WORK TO COMPLETE
Skip the images and print the listing exactly.

++++ DATASET EXTRACT

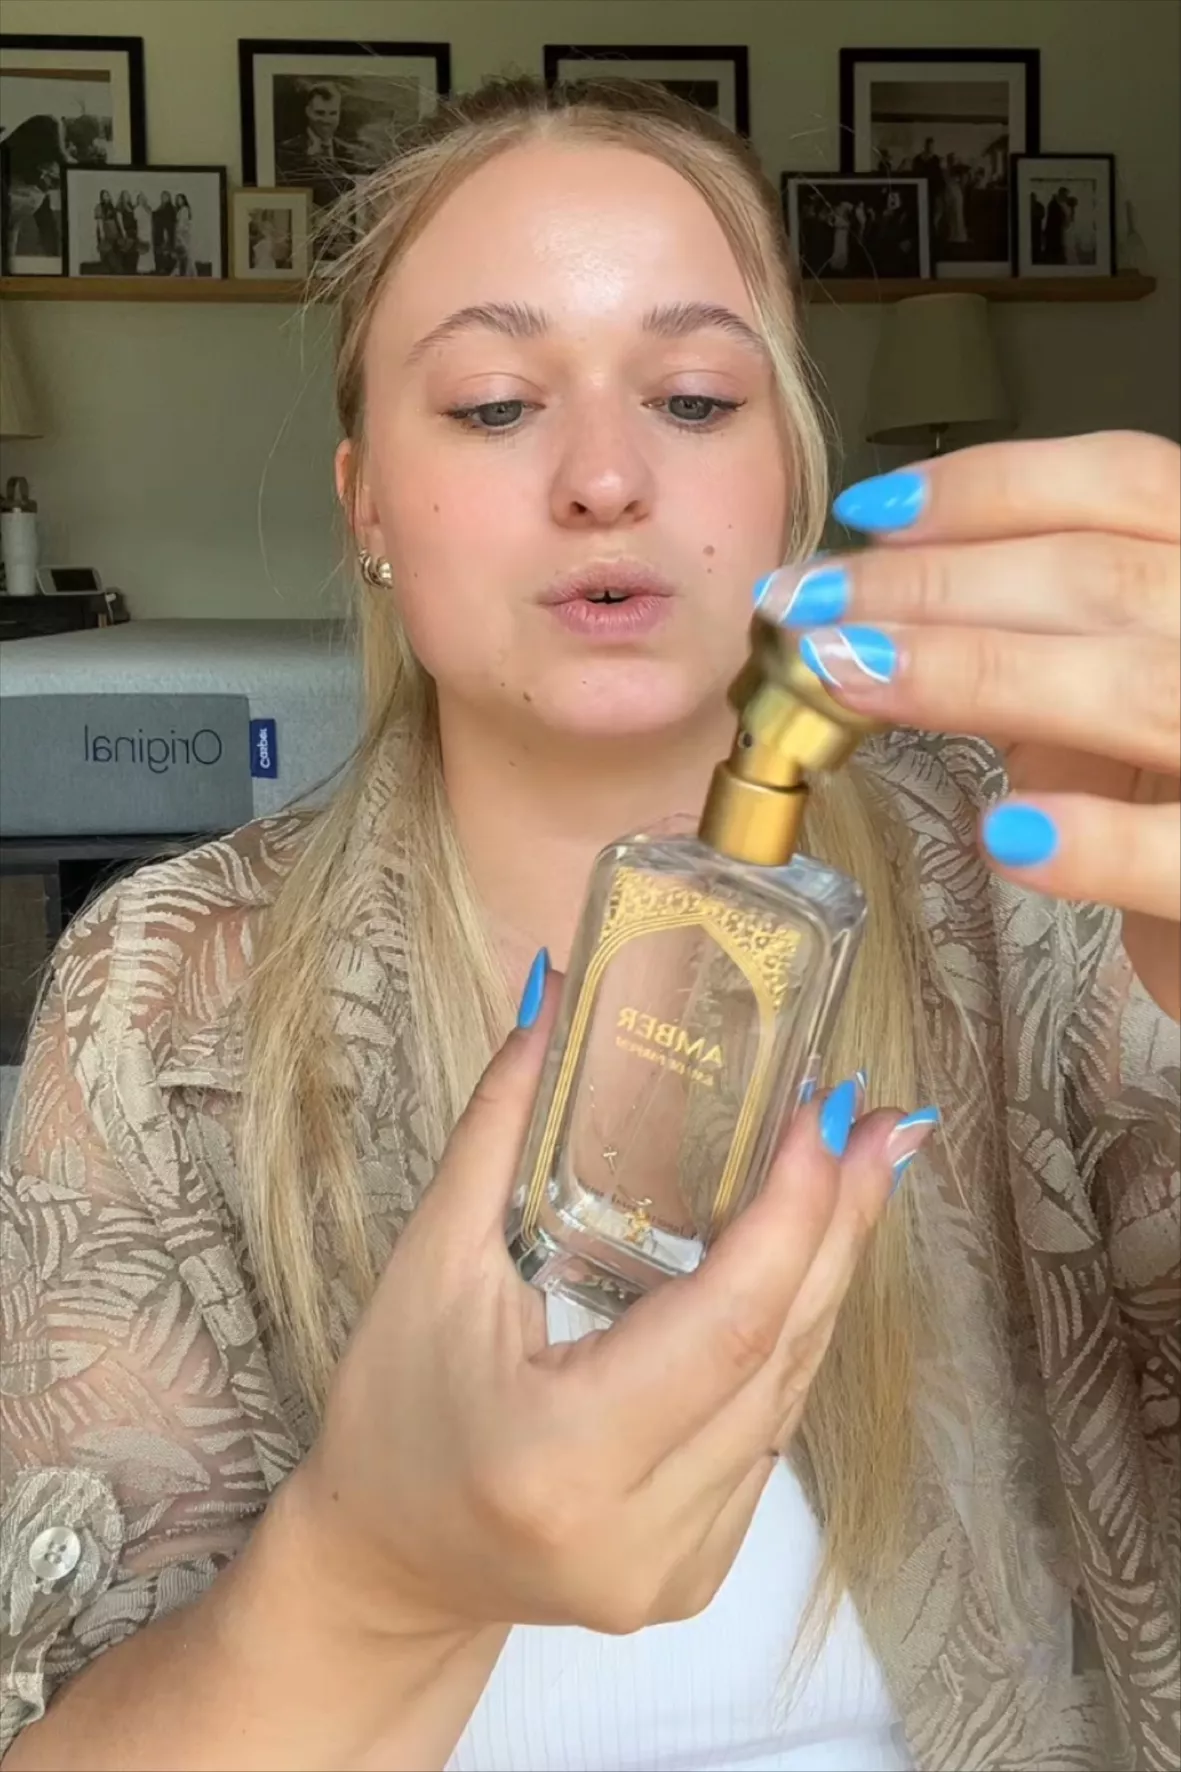 Nemat Amber Fragrance Oil Roll On
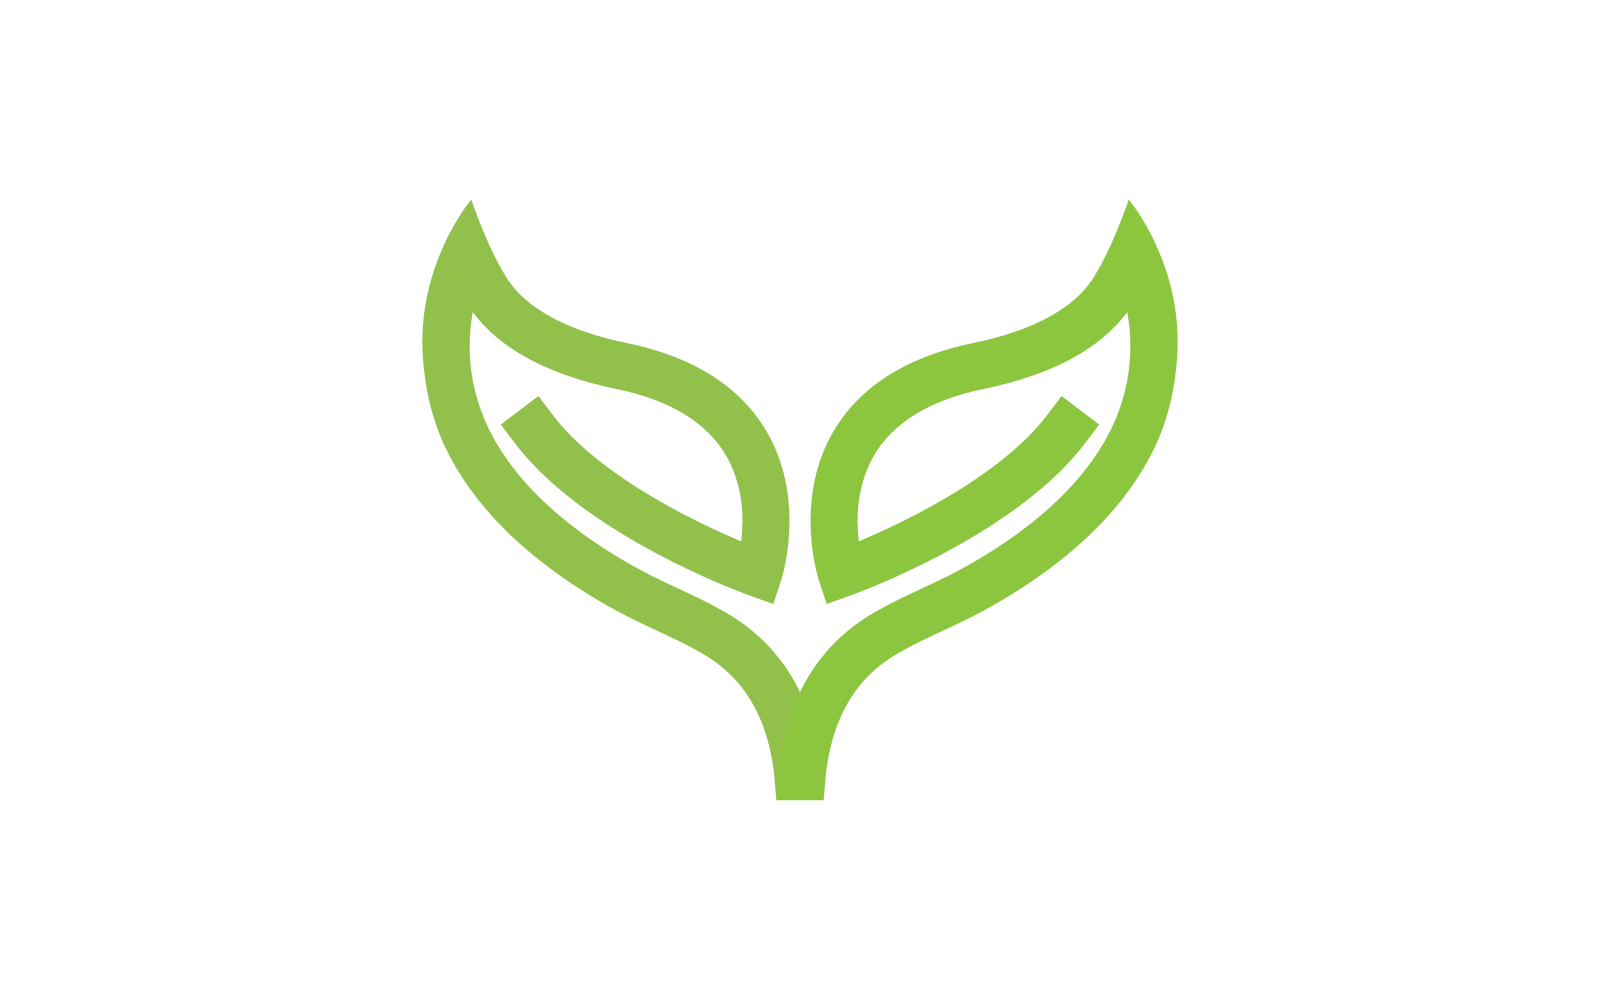 Green leaf illustration nature template logo design
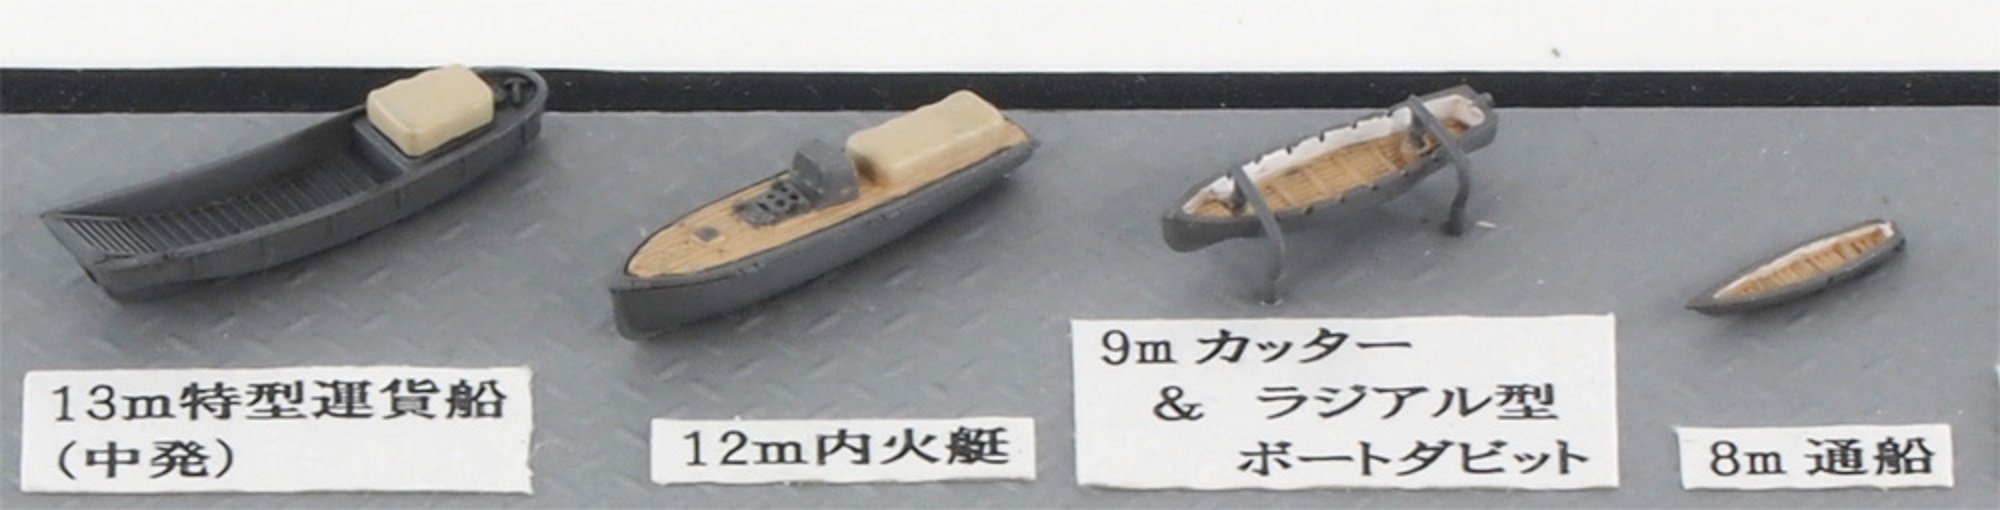 PIT-ROAD Skywave Ne-06 Ausrüstung für 6 Schiffe der japanischen Marine im Maßstab 1:700 aus dem Zweiten Weltkrieg

++++++++

RESULT FOR THIS TASK
 Nemat Amber Fragrance Oil Roll On
 Green leaf illustration nature template logo design
 PIT-ROAD Skywave Ne-06 Ausrüstung für 6 Schiffe der japanischen Marine im Maßstab 1:700 aus dem Zweiten Weltkrieg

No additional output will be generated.